Here are the pool details:
root@ld3955:~# ceph osd pool ls detail
pool 11 'hdb_backup' replicated size 3 min_size 2 crush_rule 1
object_hash rjenkins pg_num 8192 pgp_num 8192 autoscale_mode warn
last_change 294572 flags hashpspool,selfmanaged_snaps stripe_width 0
application rbd
removed_snaps [1~3]
pool 59 'hdd' replicated size 2 min_size 2 crush_rule 3 object_hash
rjenkins pg_num 64 pgp_num 64 autoscale_mode warn last_change 267271
flags hashpspool,selfmanaged_snaps stripe_width 0 application rbd
removed_snaps [1~3]
pool 60 'ssd' replicated size 2 min_size 2 crush_rule 4 object_hash
rjenkins pg_num 128 pgp_num 128 autoscale_mode warn last_change 299719
lfor 299717/299717/299717 flags hashpspool,selfmanaged_snaps
stripe_width 0 application rbd
removed_snaps [1~3]
pool 61 'nvme' replicated size 2 min_size 2 crush_rule 2 object_hash
rjenkins pg_num 8 pgp_num 8 autoscale_mode warn last_change 267125 flags
hashpspool stripe_width 0 application rbd
pool 62 'cephfs_data' replicated size 3 min_size 2 crush_rule 3
object_hash rjenkins pg_num 32 pgp_num 32 autoscale_mode warn
last_change 300312 lfor 300310/300310/300310 flags hashpspool
stripe_width 0 application cephfs
pool 63 'cephfs_metadata' replicated size 3 min_size 2 crush_rule 3
object_hash rjenkins pg_num 8 pgp_num 8 autoscale_mode warn last_change
267069 flags hashpspool stripe_width 0 pg_autoscale_bias 4 pg_num_min 16
recovery_priority 5 application cephfs
Any pg_num / pgp_num is monitored by Ceph, means I get a warning in the
log / health status if a pool is undersized.
I didn't enable PG auto-scaler for any pool, though.
The calculation of PGs per Pool is done with pgcalc
<https://ceph.io/pgcalc/>.
Here's a screenshot <https://ibb.co/VjR6X3x> of this calculation.
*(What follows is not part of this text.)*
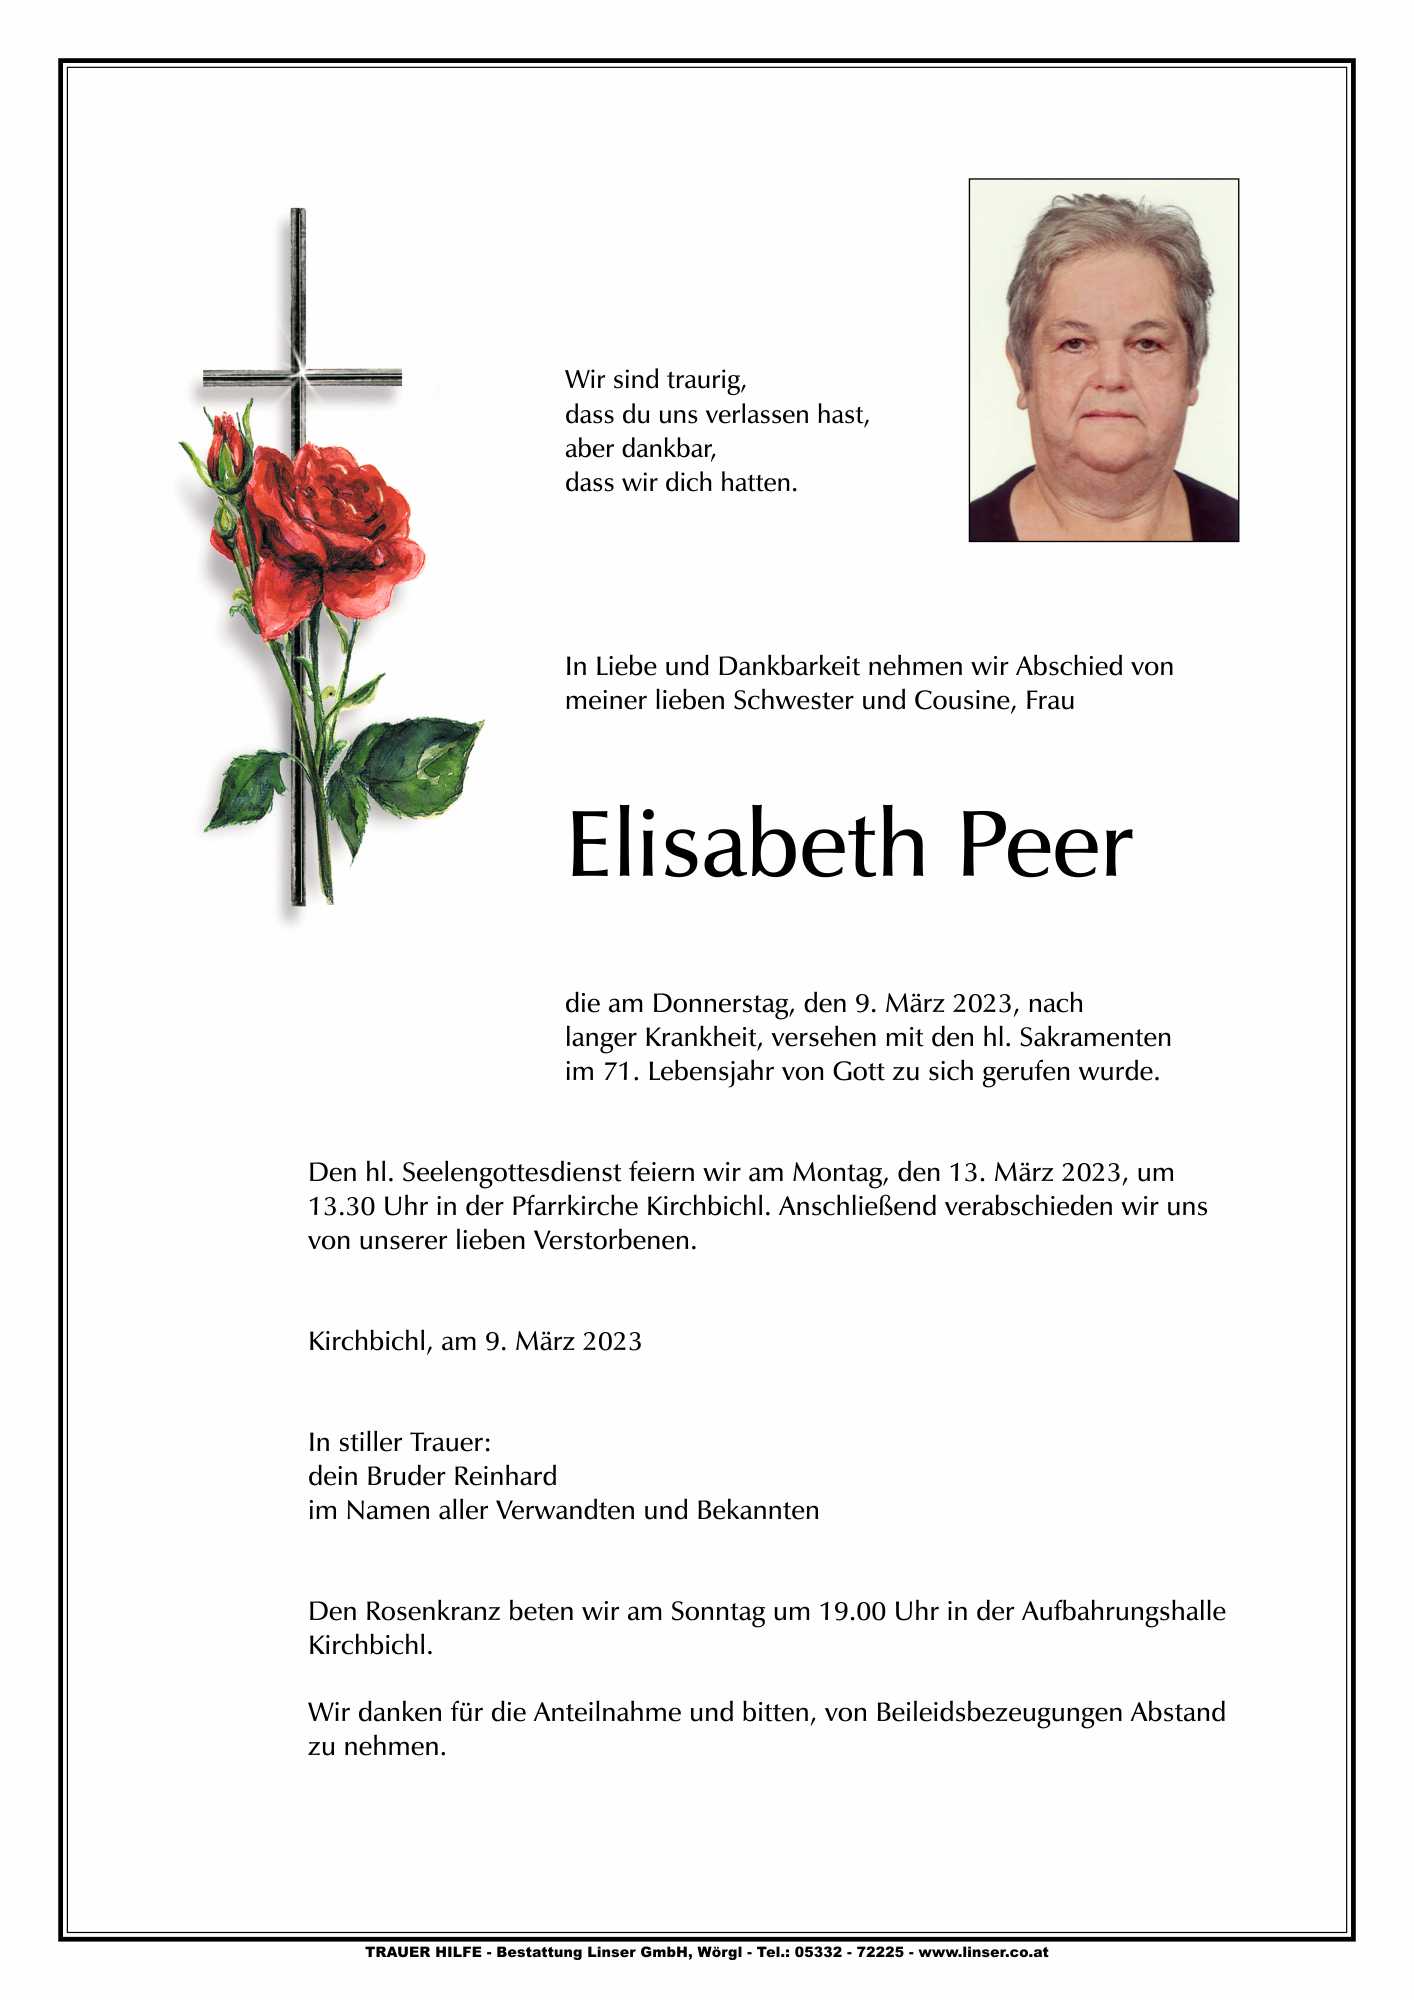 Elisabeth Peer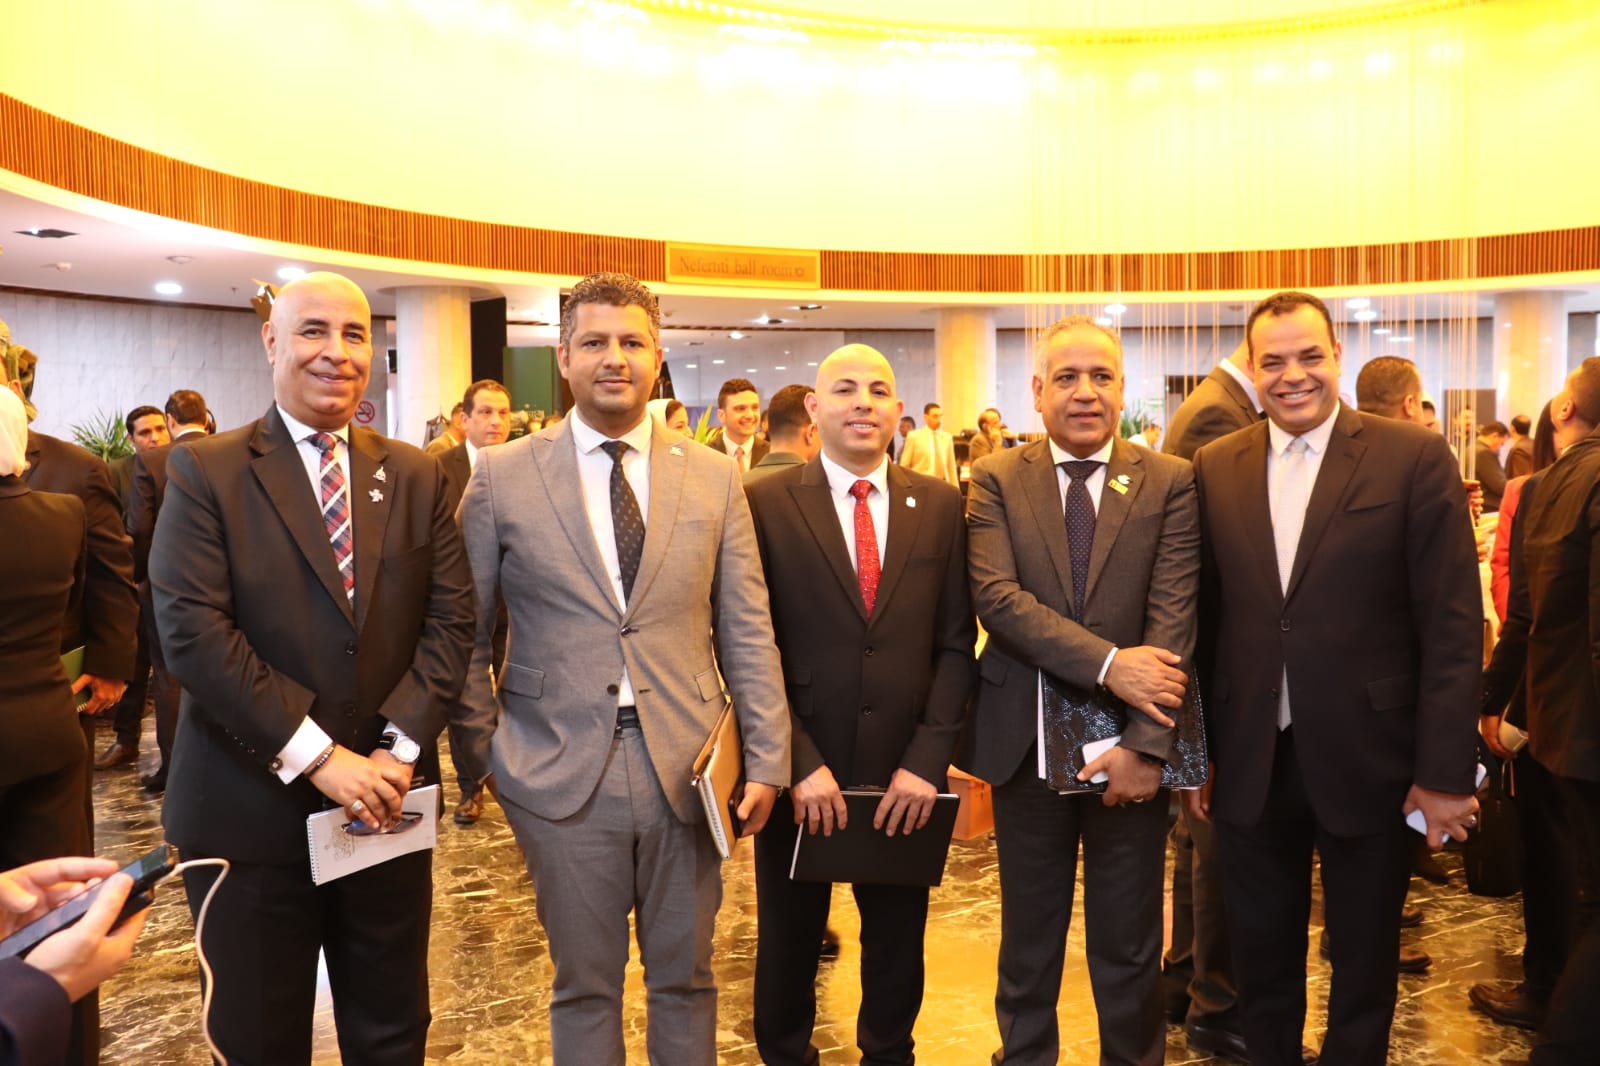 رئيس مجلس إدارة مجمع عمال مصر يشارك بجلسة لجنة الصناعة بالحوار الوطني

My focus is on pool hdb_backup.
Based on these statistics
root@ld3955:~# ceph df detail
RAW STORAGE:
CLASS SIZE AVAIL USED RAW USED %RAW USED
hdd 1.4 PiB 744 TiB 729 TiB 730 TiB 49.53
nvme 23 TiB 23 TiB 43 GiB 51 GiB 0.22
ssd 27 TiB 25 TiB 1.9 TiB 1.9 TiB 7.15
TOTAL 1.5 PiB 792 TiB 731 TiB 732 TiB 48.02
POOLS:
POOL ID STORED OBJECTS USED
%USED MAX AVAIL QUOTA OBJECTS QUOTA BYTES DIRTY
USED COMPR UNDER COMPR
hdb_backup 11 241 TiB 63.29M 241 TiB
57.03 61 TiB N/A N/A 63.29M
0 B 0 B
hdd 59 553 GiB 142.16k 553 GiB
0.50 54 TiB N/A N/A 142.16k
0 B 0 B
ssd 60 2.0 TiB 530.75k 2.0 TiB
8.72 10 TiB N/A N/A 530.75k
0 B 0 B
nvme 61 0 B 0 0 B
0 11 TiB N/A N/A 0
0 B 0 B
cephfs_data 62 356 GiB 102.29k 356 GiB
0.32 36 TiB N/A N/A 102.29k
0 B 0 B
cephfs_metadata 63 117 MiB 52 117 MiB
0 36 TiB N/A N/A 52
0 B 0 B
there's only 57% used, but effectively I cannot store much more data
because some OSDs are filling up by +80%.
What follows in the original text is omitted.